Hmm. I always get super wary when multiple atomic locations are involved, since interleaving based intuition breaks down. But a kind of seqlock could work in this case…
Entirely untested and isn't soundly unique, but it'd look something like:
#![cfg(target_pointer_width = "32")]
static HI: AtomicU32 = AtomicU32::new(0);
static LO: AtomicU32 = AtomicU32::new(0);
// invariant: maximum of (2**31 - 1) threads
// (32 bit std makes this assumption for us)

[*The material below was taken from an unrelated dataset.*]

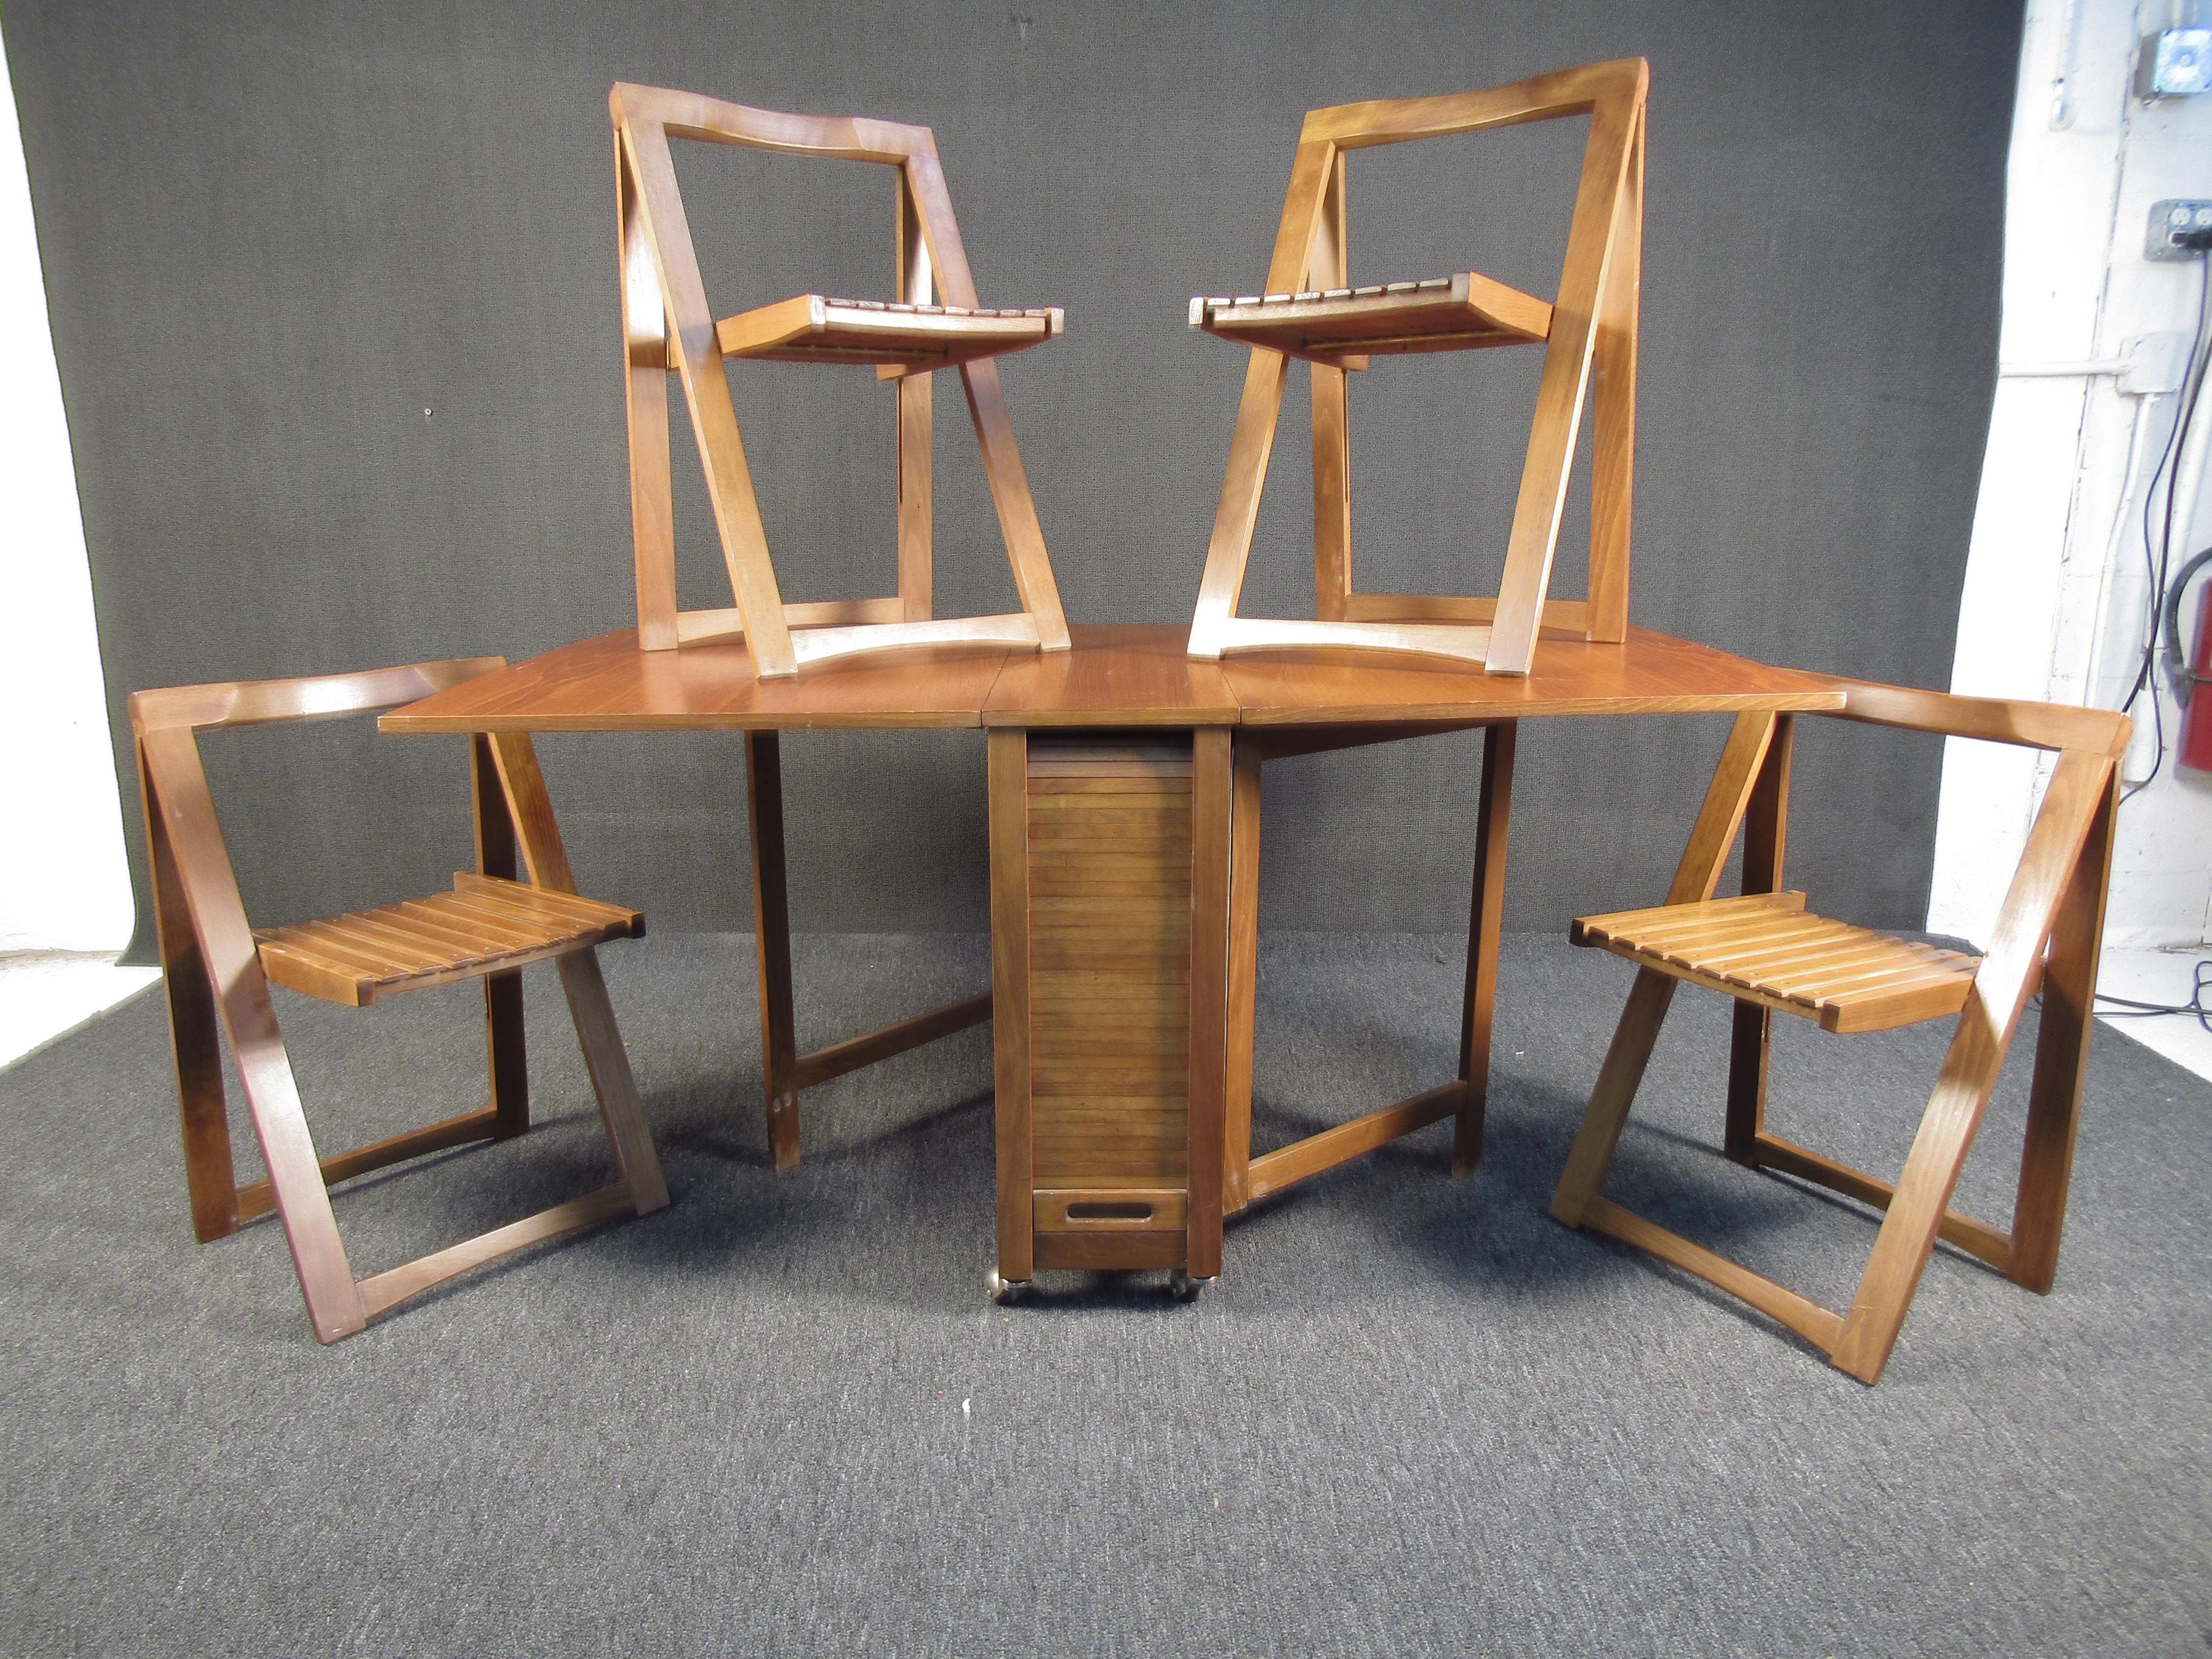 This beautiful apartment-style drop-leaf table comes with a set of four collapsable chairs that store underneath. With an impressive amount of table space for how compact this set stores it is both functional and beautiful. Please confirm the item

const MAX: u32 = i32::MAX as u32;
pub fn next() -> (u32, u32) {
let hi = HI.load(Acquire);
let lo = LO.fetch_add(1, AcqRel);
if lo <= MAX {
(hi, lo)
} else {
next_slow(hi, lo)
}
}
#[cold]
fn next_slow(hi: u32, lo: u32) -> (u32, u32) {
if hi == u32::MAX {
abort!("id space exhausted")
}
let Ok(_) = HI.compare_exhange(hi, hi + 1, Release, Relaxed) else {
return next(); // lost the race; retry
};
let Ok(_) = LO.compare_exhange(lo, 0, Release, Relaxed) else {
return next(); // lost the race; retry
};
(hi, lo)
}
Unfortunately, this is vulnerable to an ABA issue common to seqlock constructs — if our HI/LO write is split by other threads incrementing LO all the way back, then it's possible to reset LO twice on the same HI value — and it's not possible to fix this without some kind of lock, whether spin, futex, or mutex. Still untested, but I believe should be soundly unique:
const LOCKED: u32 = u32::MAX;
pub fn next() -> (u32, u32) {
let mut hi = HI.load(Relaxed);
while hi == LOCKED {
atomic_wait_if(&HI, LOCKED);
hi = HI.load(Acquire);
}
let lo = LO.fetch_add(1, Relaxed);
if lo <= MAX {
(hi, lo)
} else {
next_slow(hi, lo)
}
}
#[cold]
fn next_slow(hi, lo) -> (u32, u32) {
let next = hi + 1;
if next == LOCKED {
abort!("id space exhausted")
}
let Ok(_) = HI.compare_exhange(hi, LOCKED, Relaxed, Relaxed) else {
return next(); // lost the race; retry
};
LO.store(0, Relaxed);
HI.store(next, Release);
atomic_wake_all(&HI);
(hi, lo)
}
All that explored, however, Mutex<u64>
is good enough for std and ThreadId
. Just use Mutex<u64>
.